Work to be completed: Under this line is a listing; return exactly the lines starting at the one with "Desktop Cosmetics Storage" and running down to the one with "Rev. Bommassee and Rev. Shaffa Seward", and leave out its pictures.
Top of Records shown
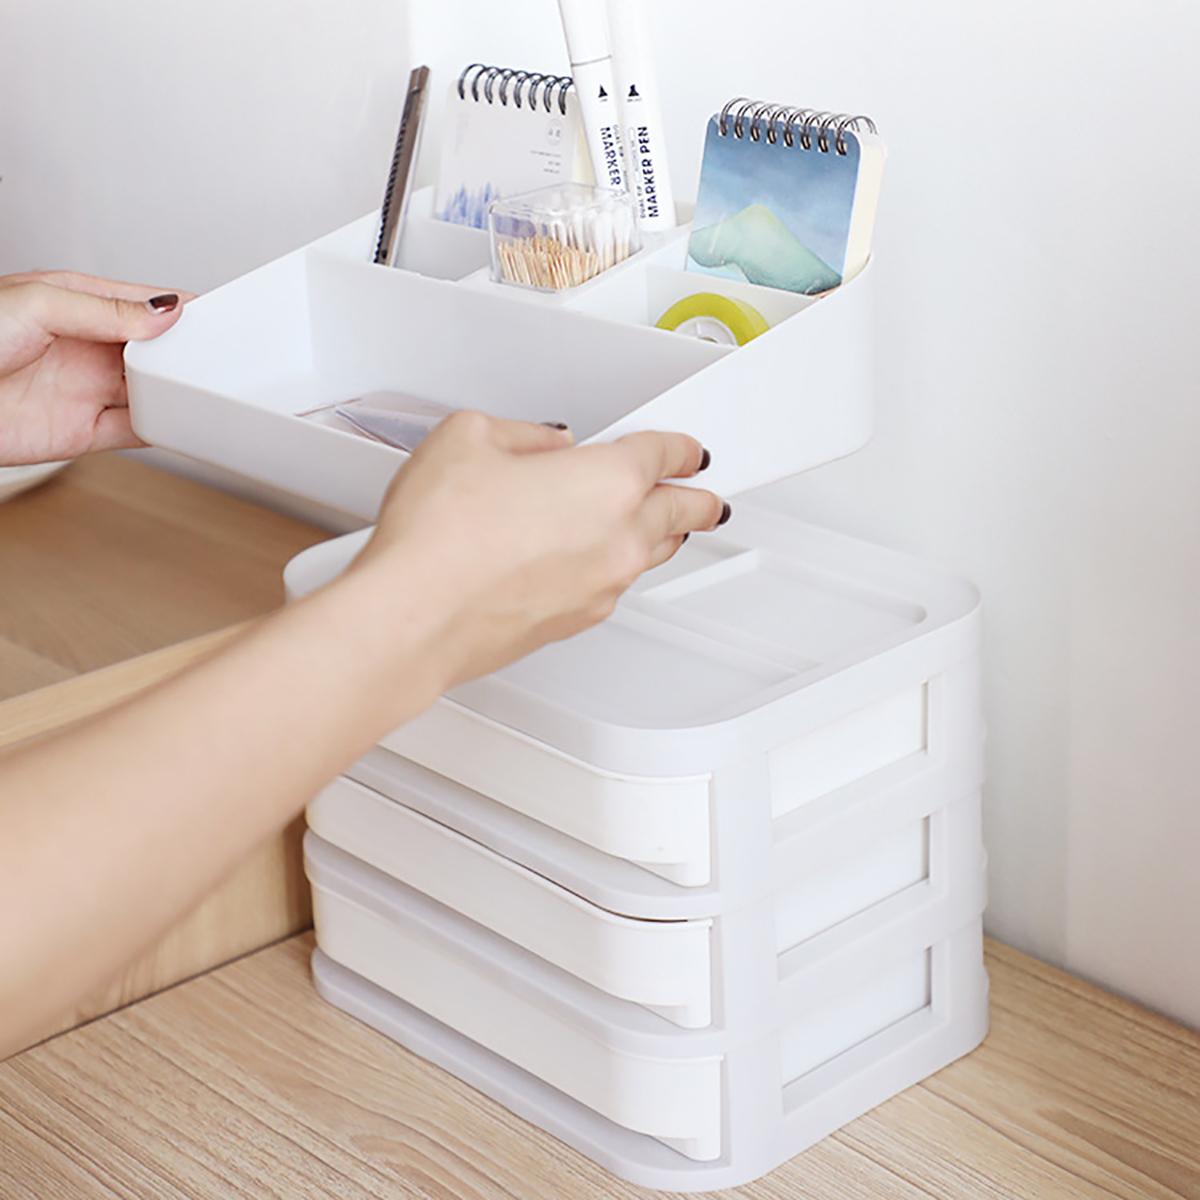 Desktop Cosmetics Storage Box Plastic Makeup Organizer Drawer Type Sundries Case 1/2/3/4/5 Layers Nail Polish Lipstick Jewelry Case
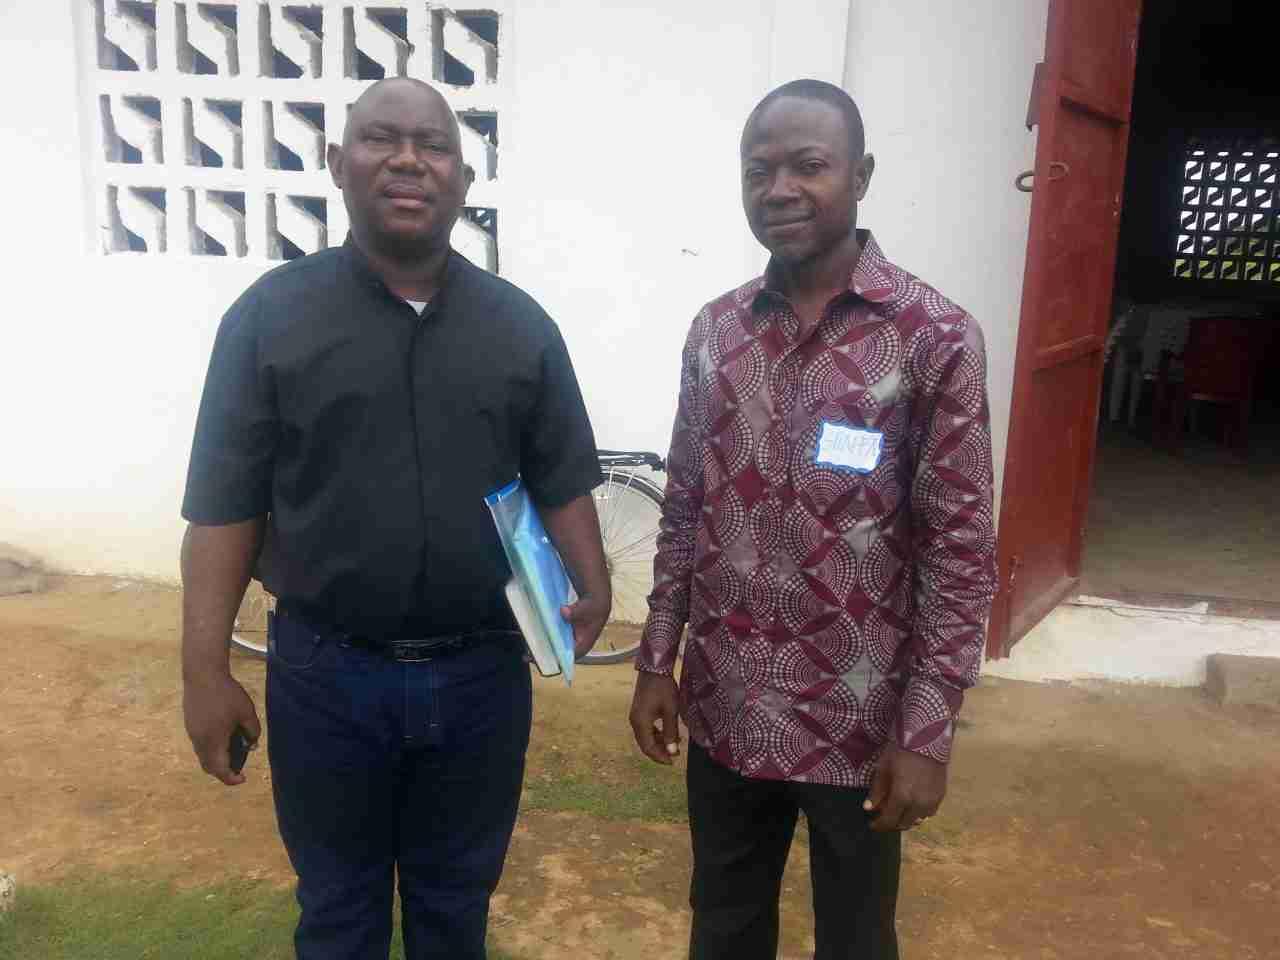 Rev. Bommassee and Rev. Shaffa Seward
Bottom of Records shown
Top of Records shown
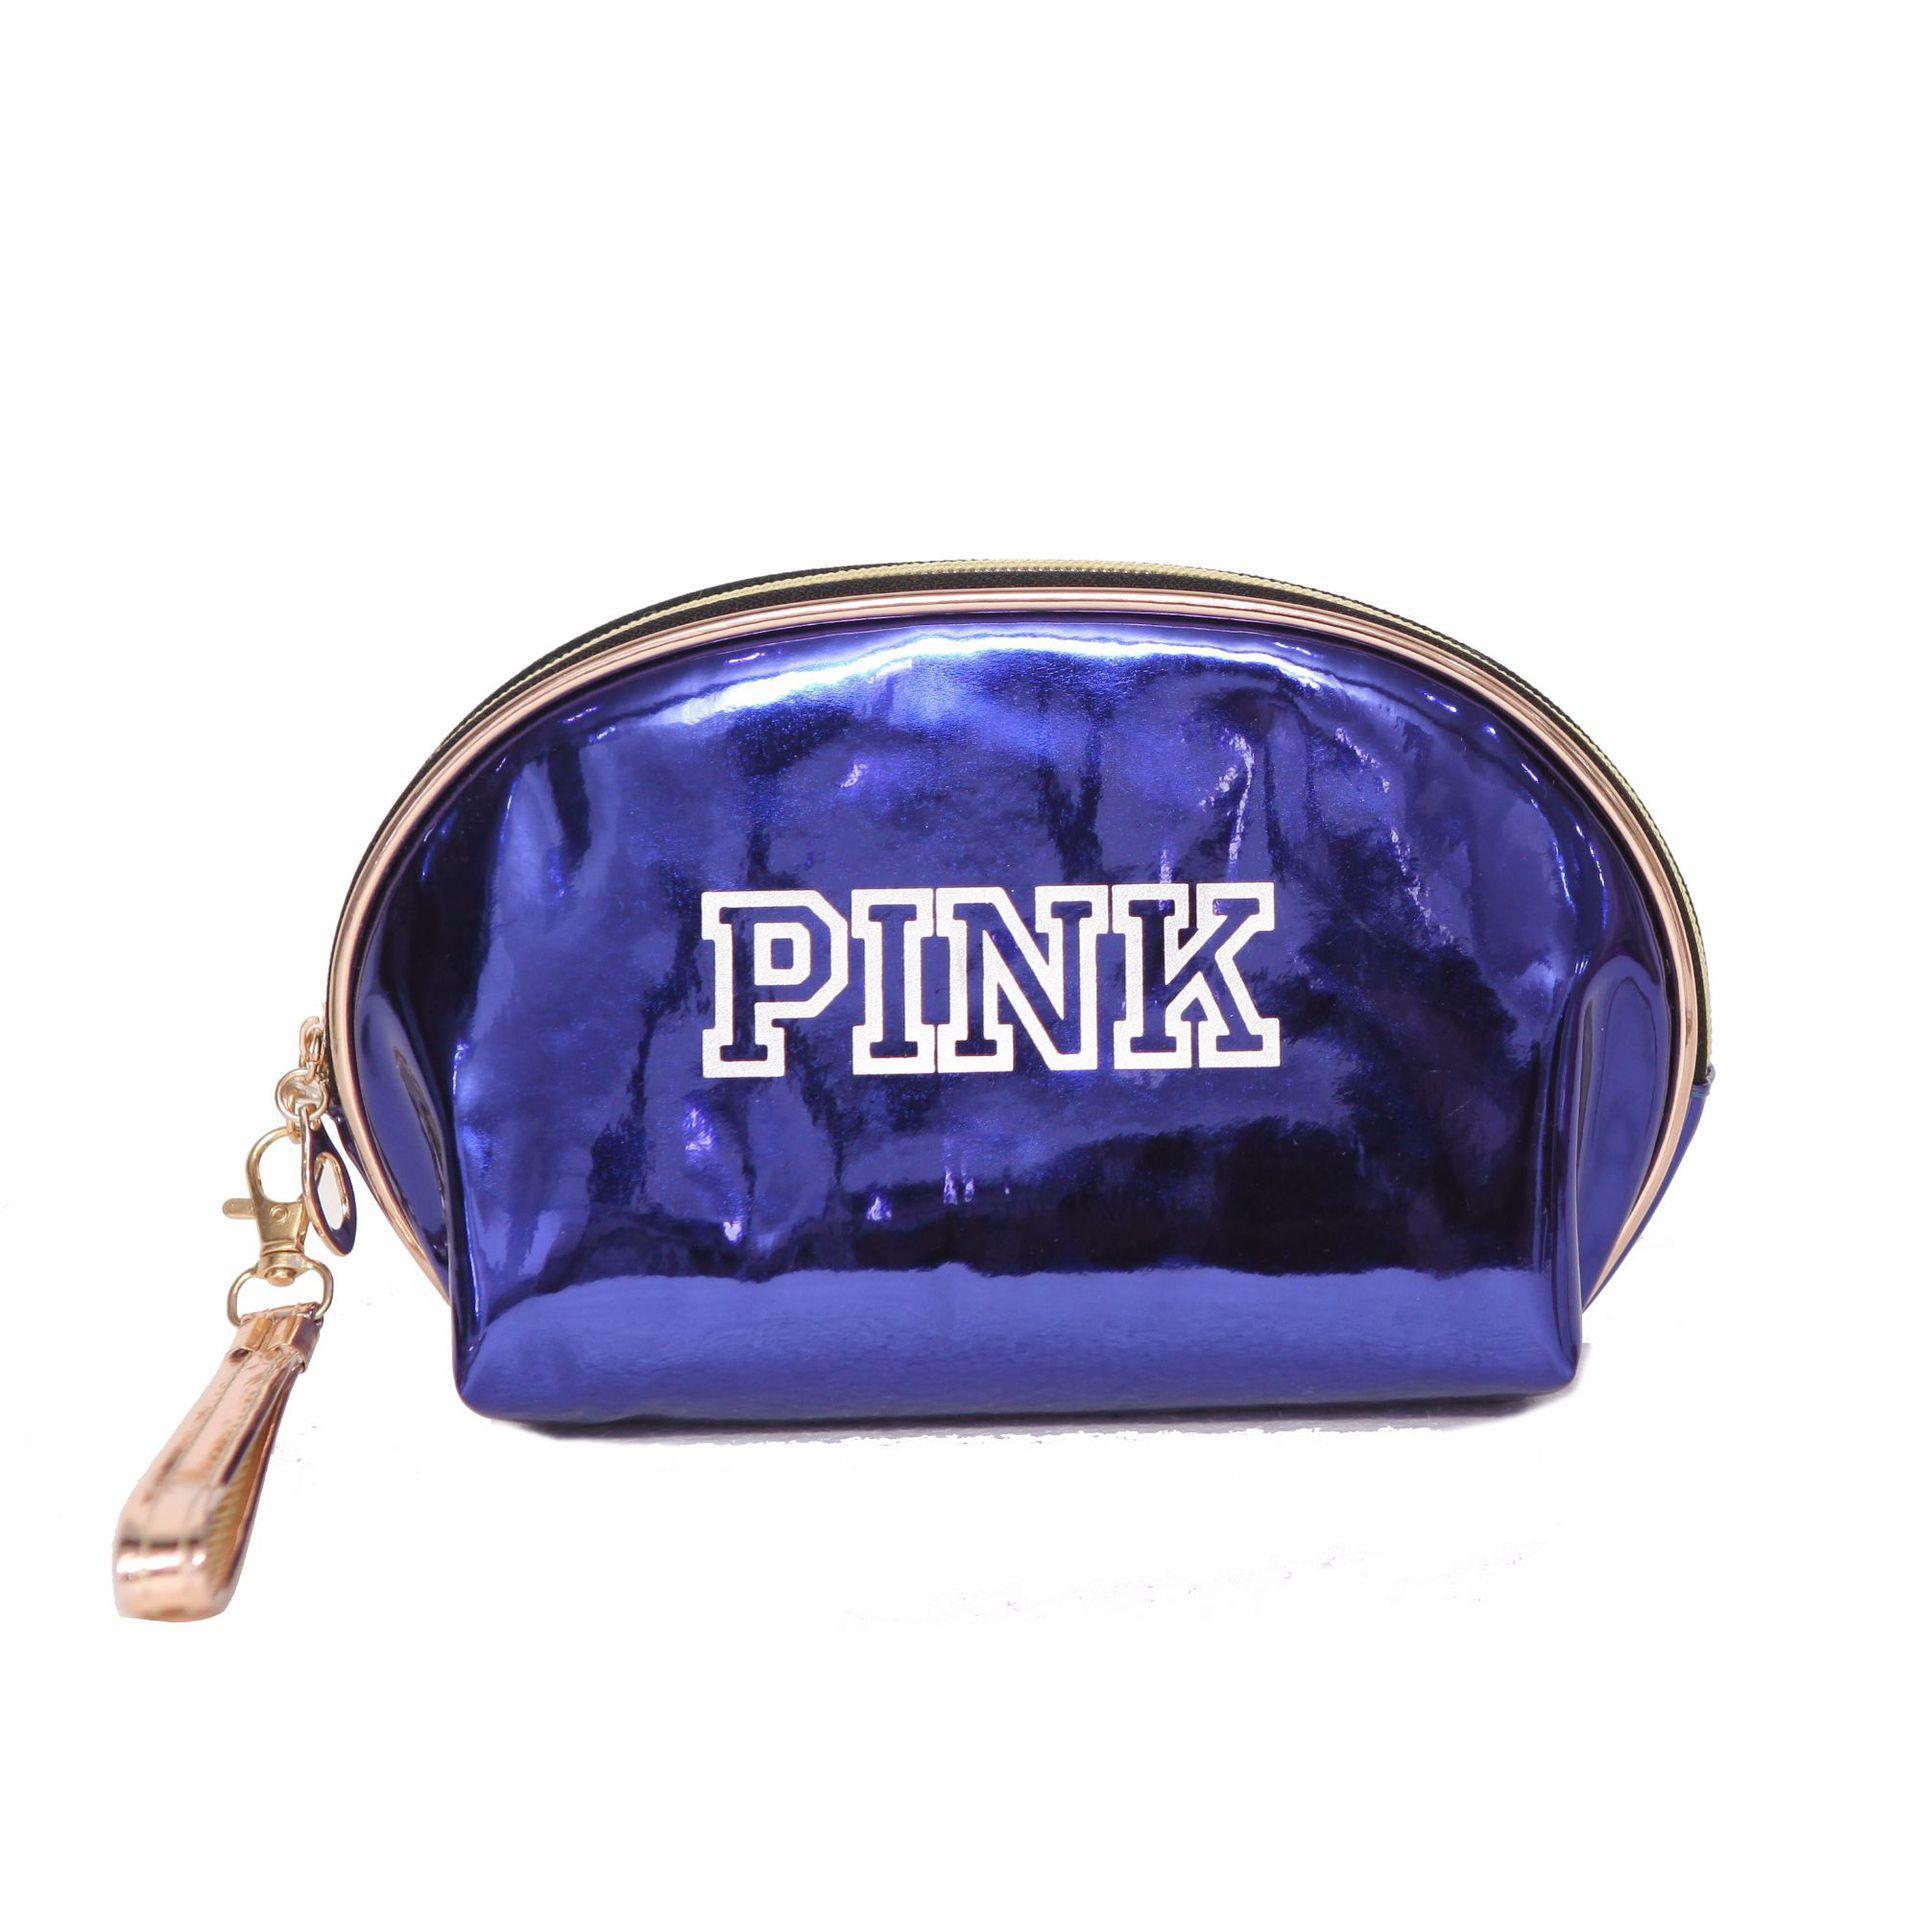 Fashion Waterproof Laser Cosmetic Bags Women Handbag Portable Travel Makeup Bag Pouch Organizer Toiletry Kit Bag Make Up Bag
Bottom of Records shown
Exercise answer:
 Desktop Cosmetics Storage Box Plastic Makeup Organizer Drawer Type Sundries Case 1/2/3/4/5 Layers Nail Polish Lipstick Jewelry Case
 Rev. Bommassee and Rev. Shaffa Seward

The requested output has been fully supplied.